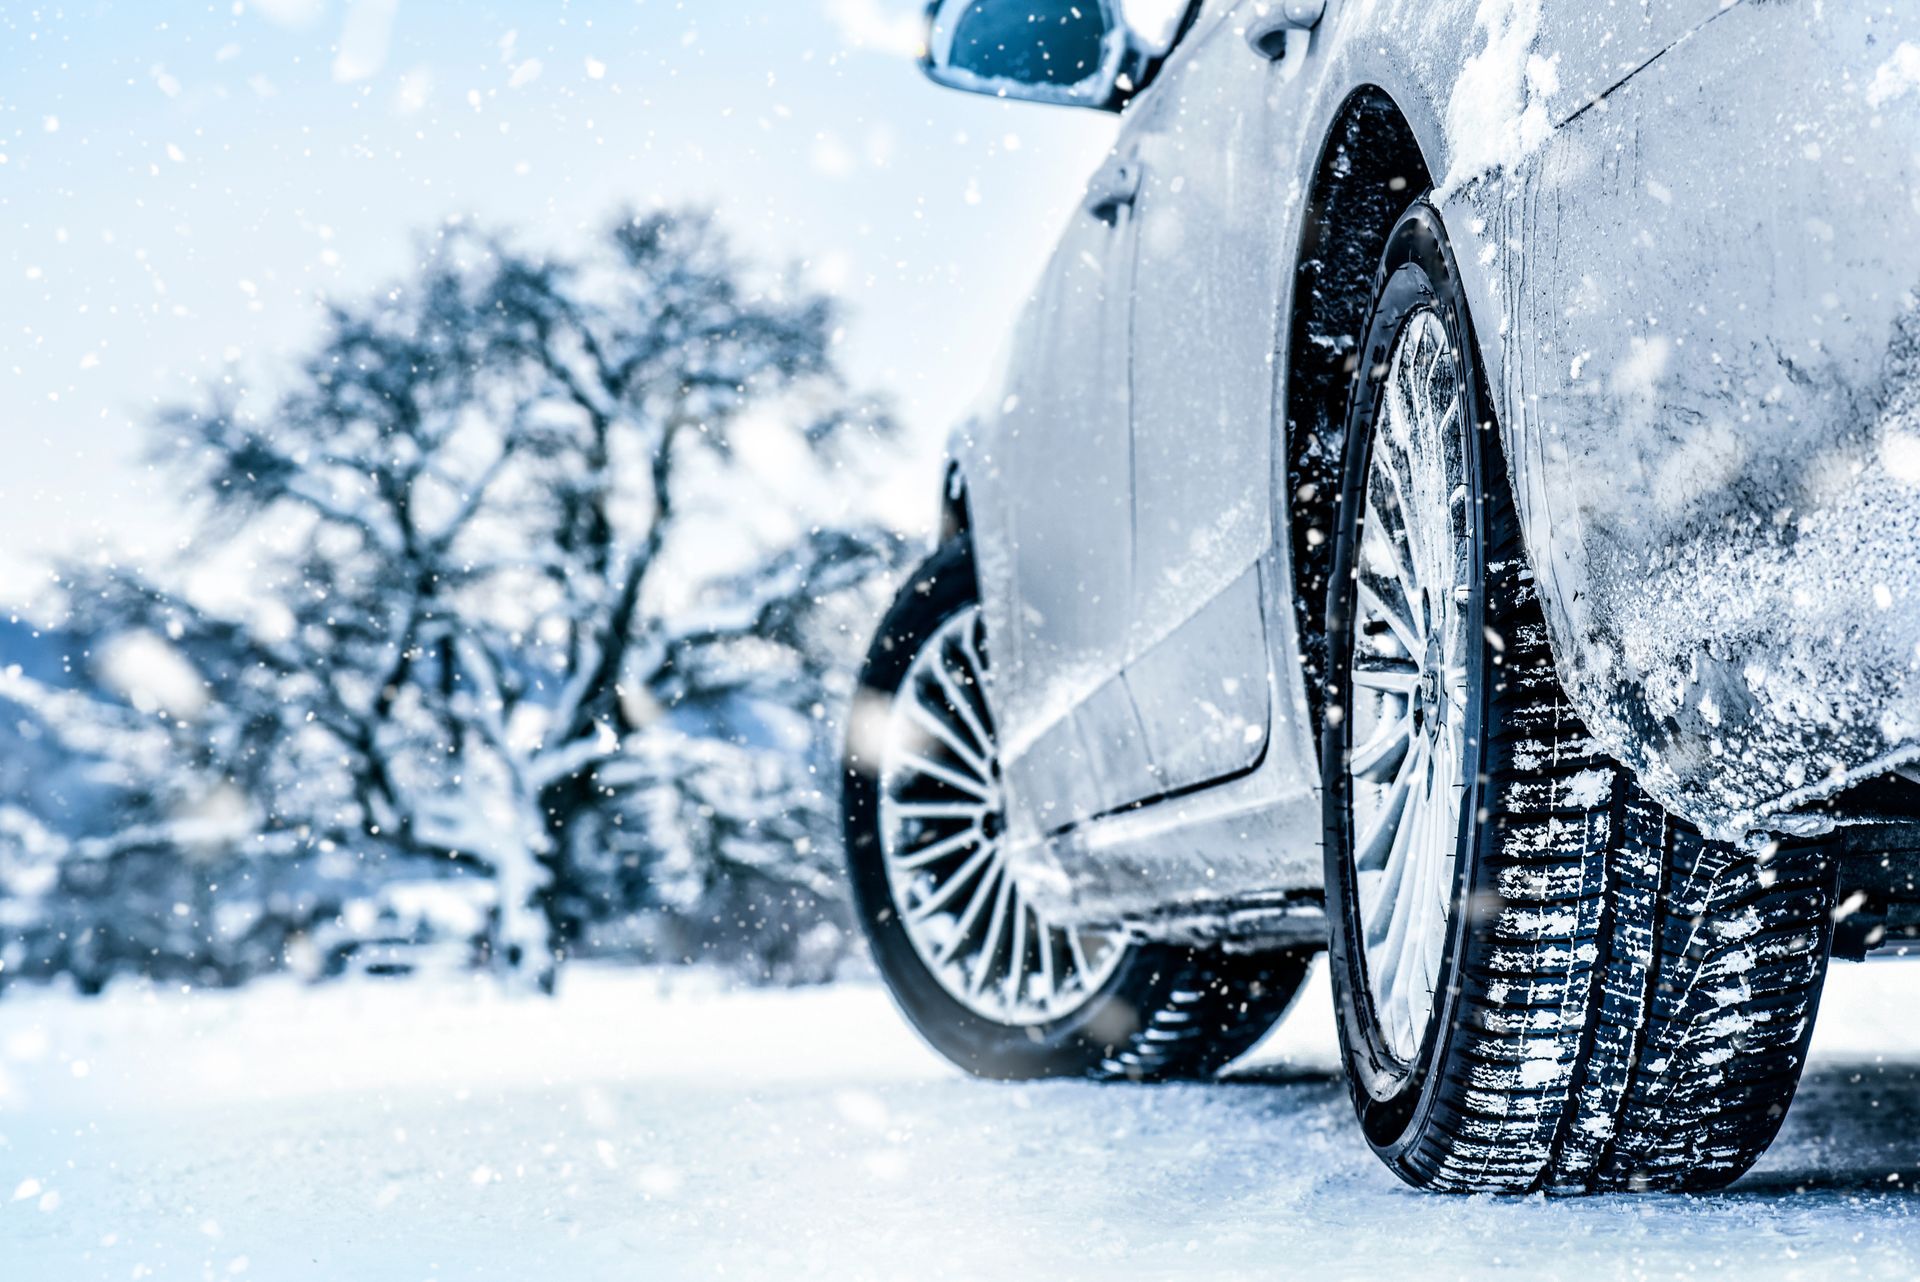 Which European Cars Are Best For Winter? - Performance Auto Specialists
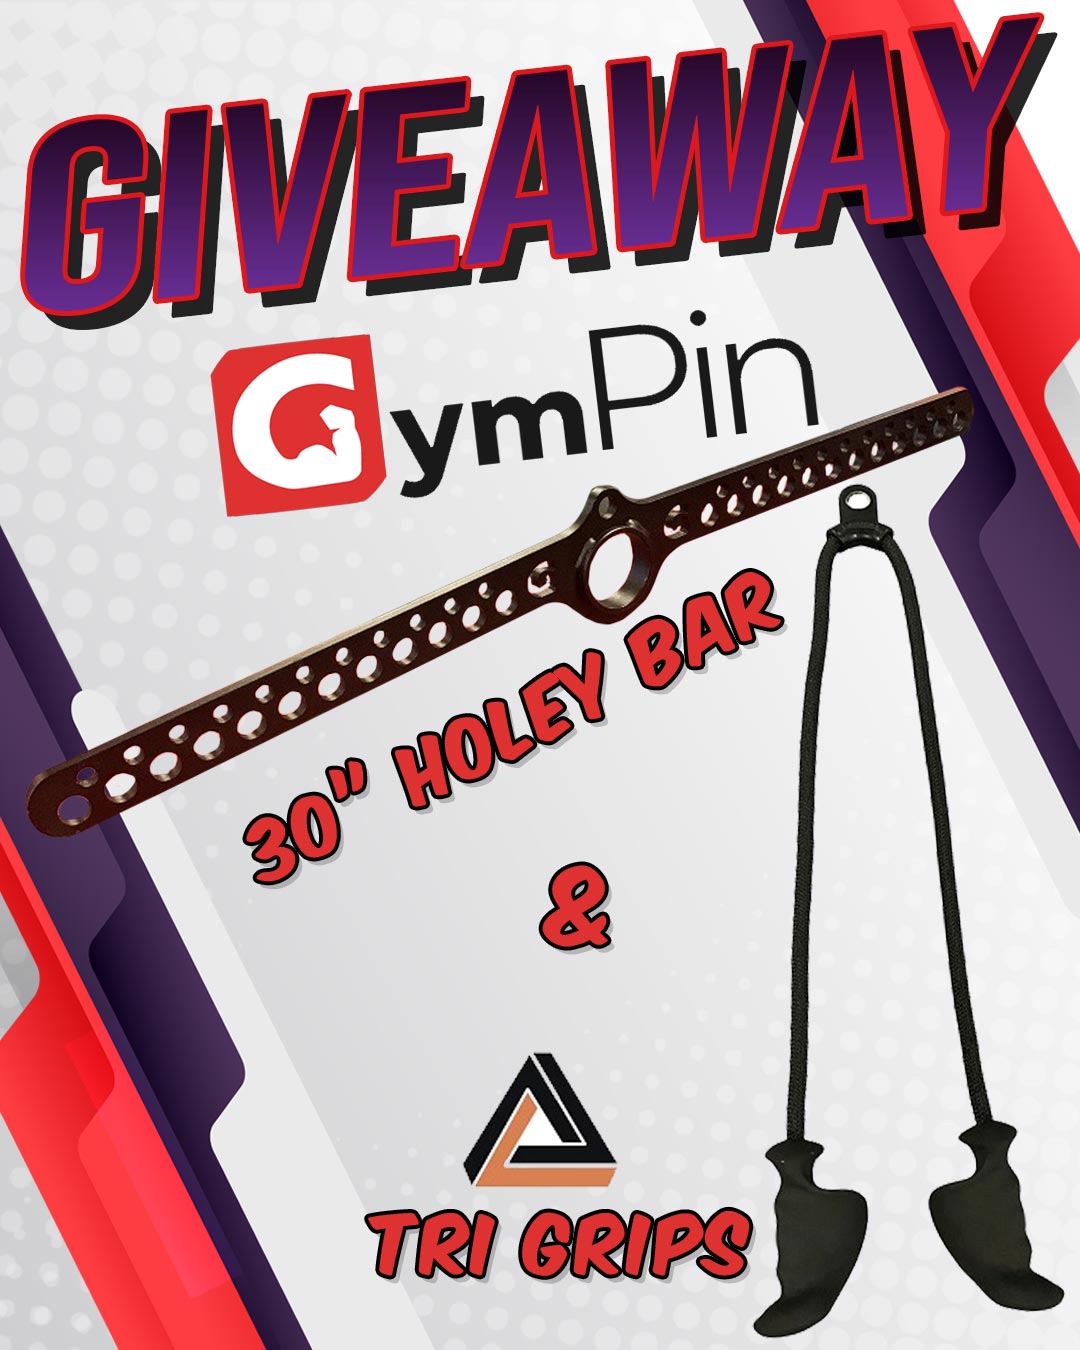 GymPin Giveaway
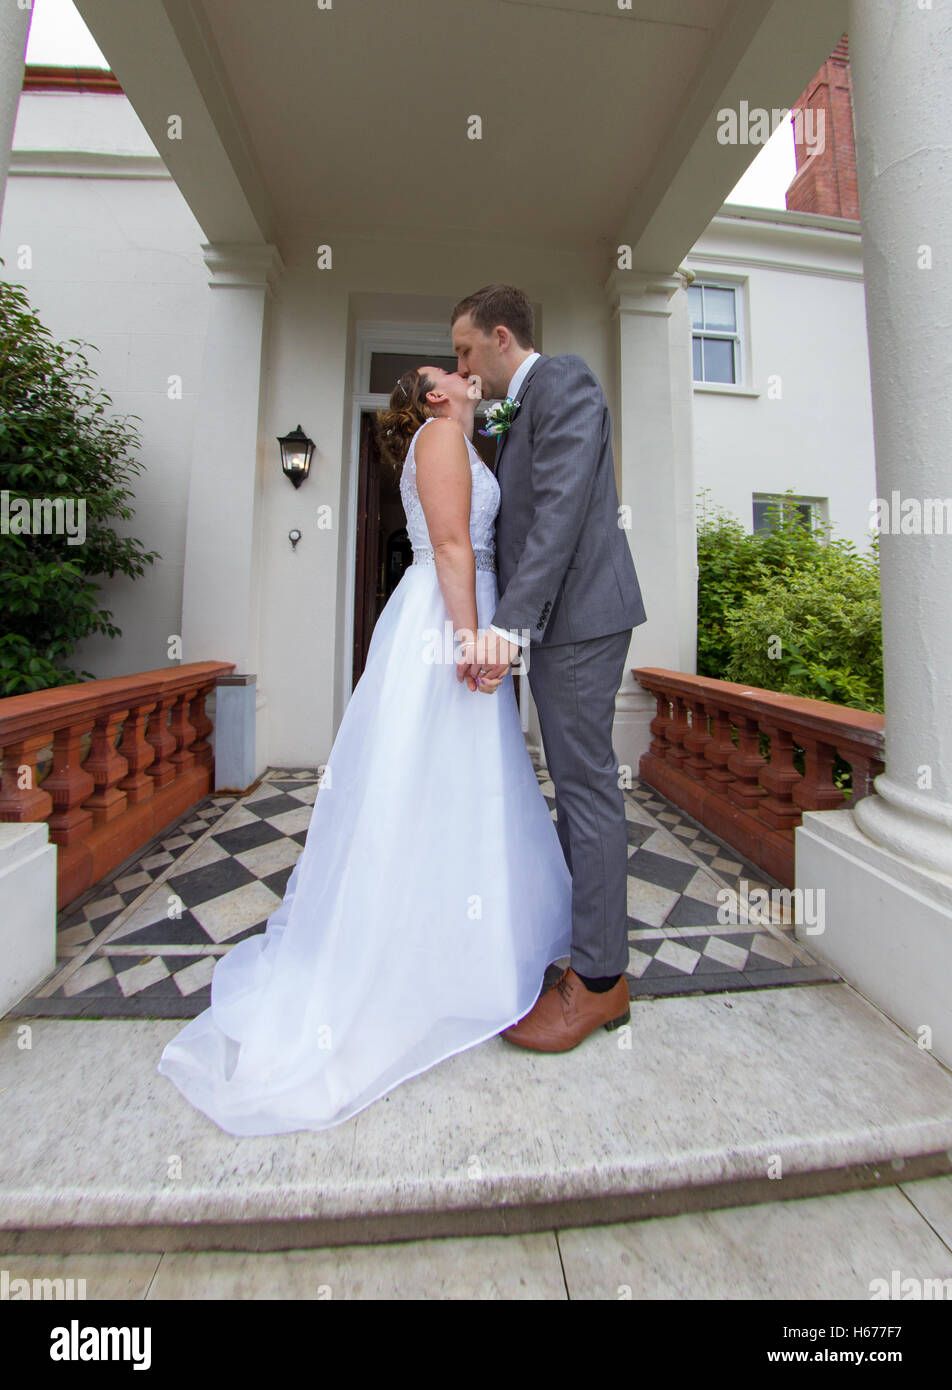 Bride and groom kissing on the steps of their wedding venue. Full length shot of the newly wed husband and wife Stock Photo
☆ ☆ ☆ ☆
**Assigned task**
Would you please retype the material above exactly and leave out each picture?

**Answer to the exercise**
 Which European Cars Are Best For Winter? - Performance Auto Specialists
 GymPin Giveaway
 Bride and groom kissing on the steps of their wedding venue. Full length shot of the newly wed husband and wife Stock Photo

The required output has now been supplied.